What you return should match the data below exactly, with no pictures in it.

*Dataset section*
━━━━

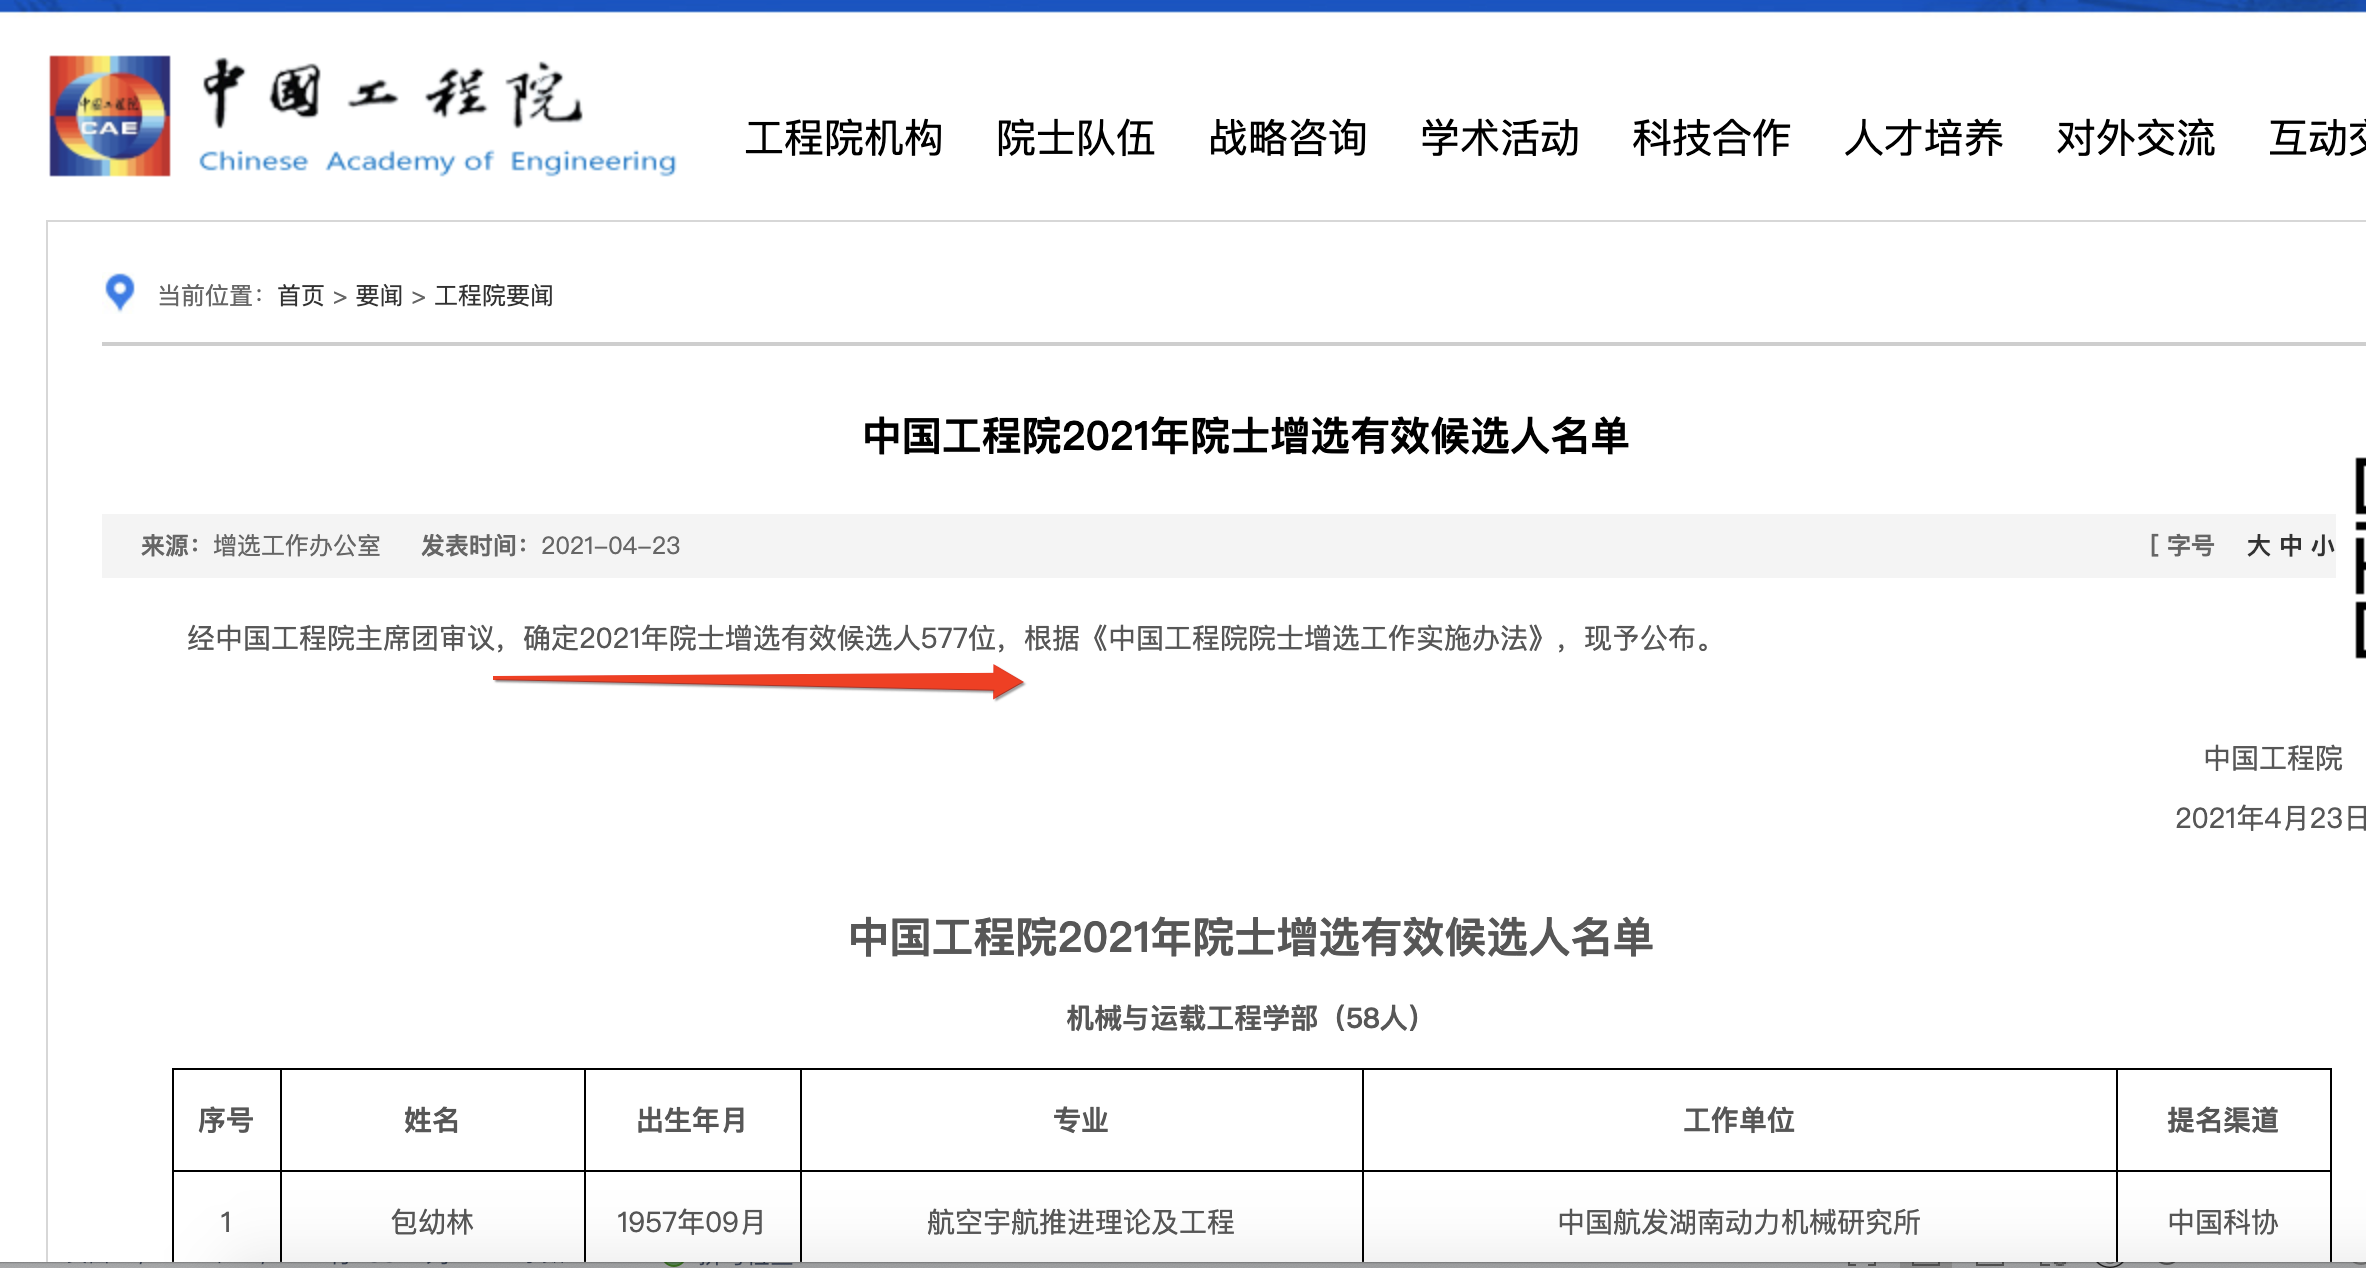 <font color="red">中国</font>工程院2021年院士增选577位有效候选人名单公布，其中医药卫生部84位有效候选人
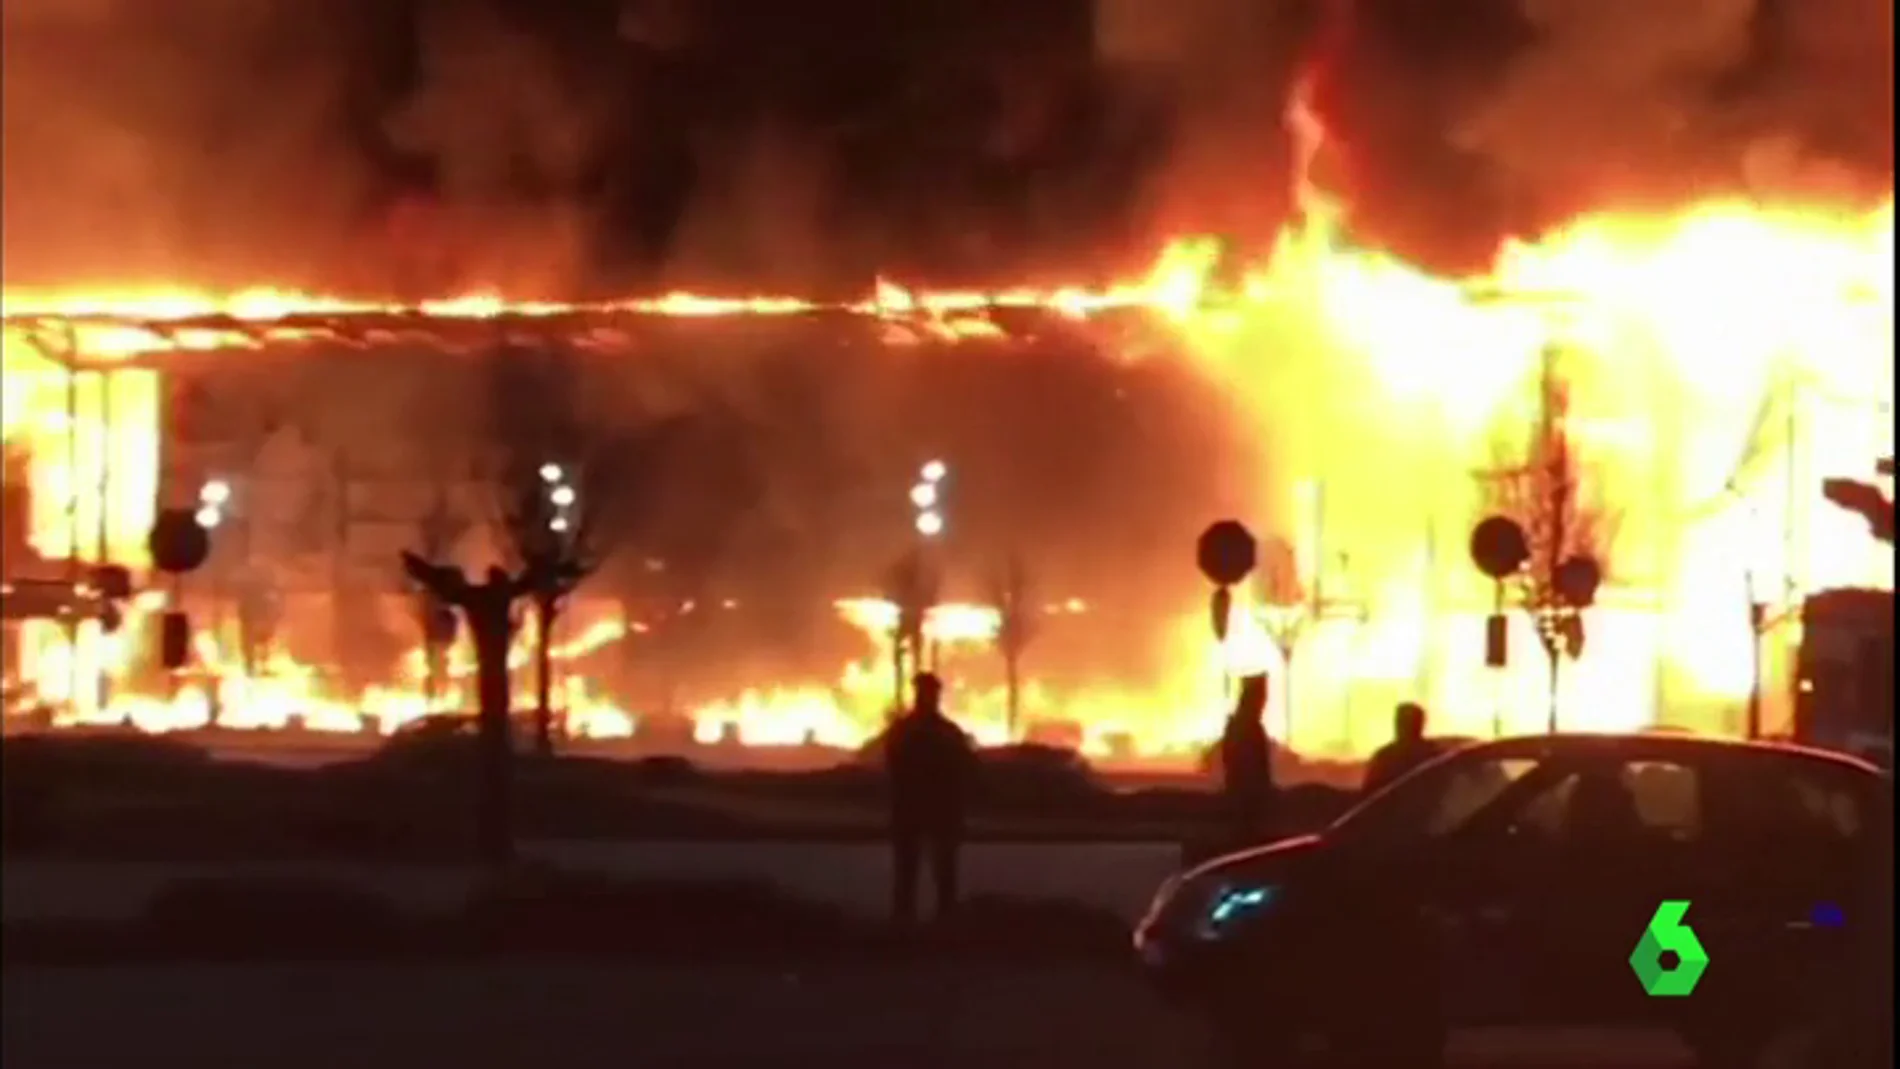 Espectacular incendio sin heridos en un centro comercial en Italia 
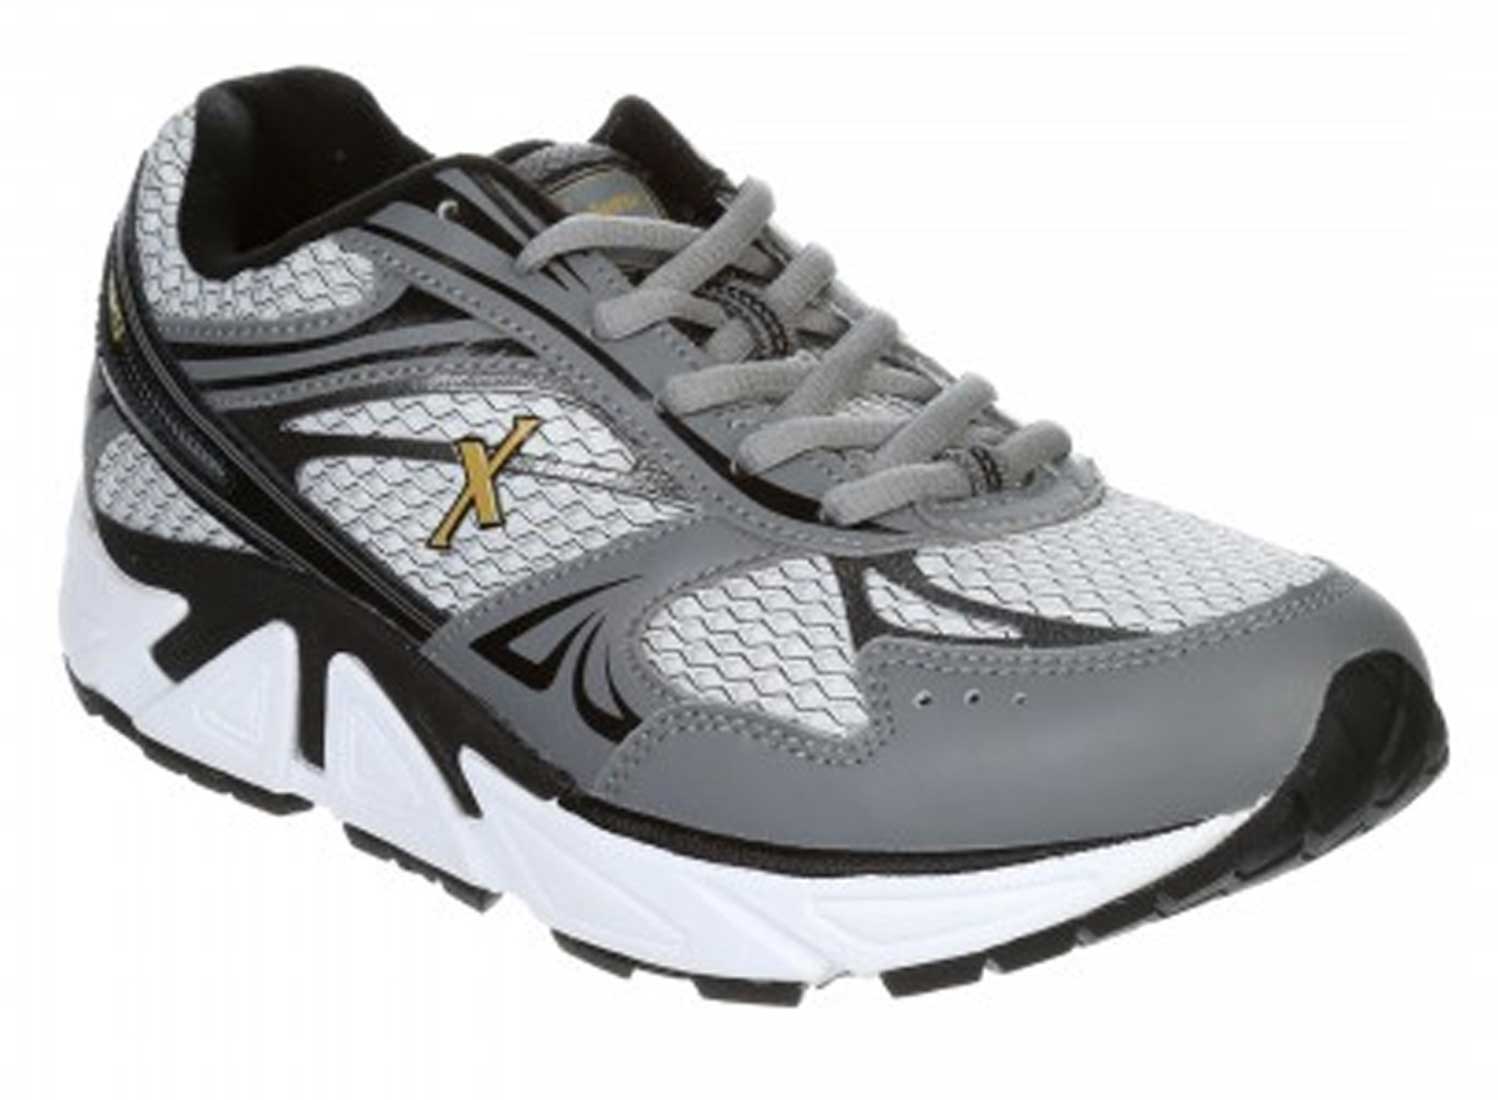 Xelero Shoes Genesis XPS X34630 - Men's Comfort Orthopedic Diabetic Shoe - Athletic Shoe - Extra Depth For Orthotics

━━━━

*Exercise response*
 <font color="red">中国</font>工程院2021年院士增选577位有效候选人名单公布，其中医药卫生部84位有效候选人
 Espectacular incendio sin heridos en un centro comercial en Italia 
 Xelero Shoes Genesis XPS X34630 - Men's Comfort Orthopedic Diabetic Shoe - Athletic Shoe - Extra Depth For Orthotics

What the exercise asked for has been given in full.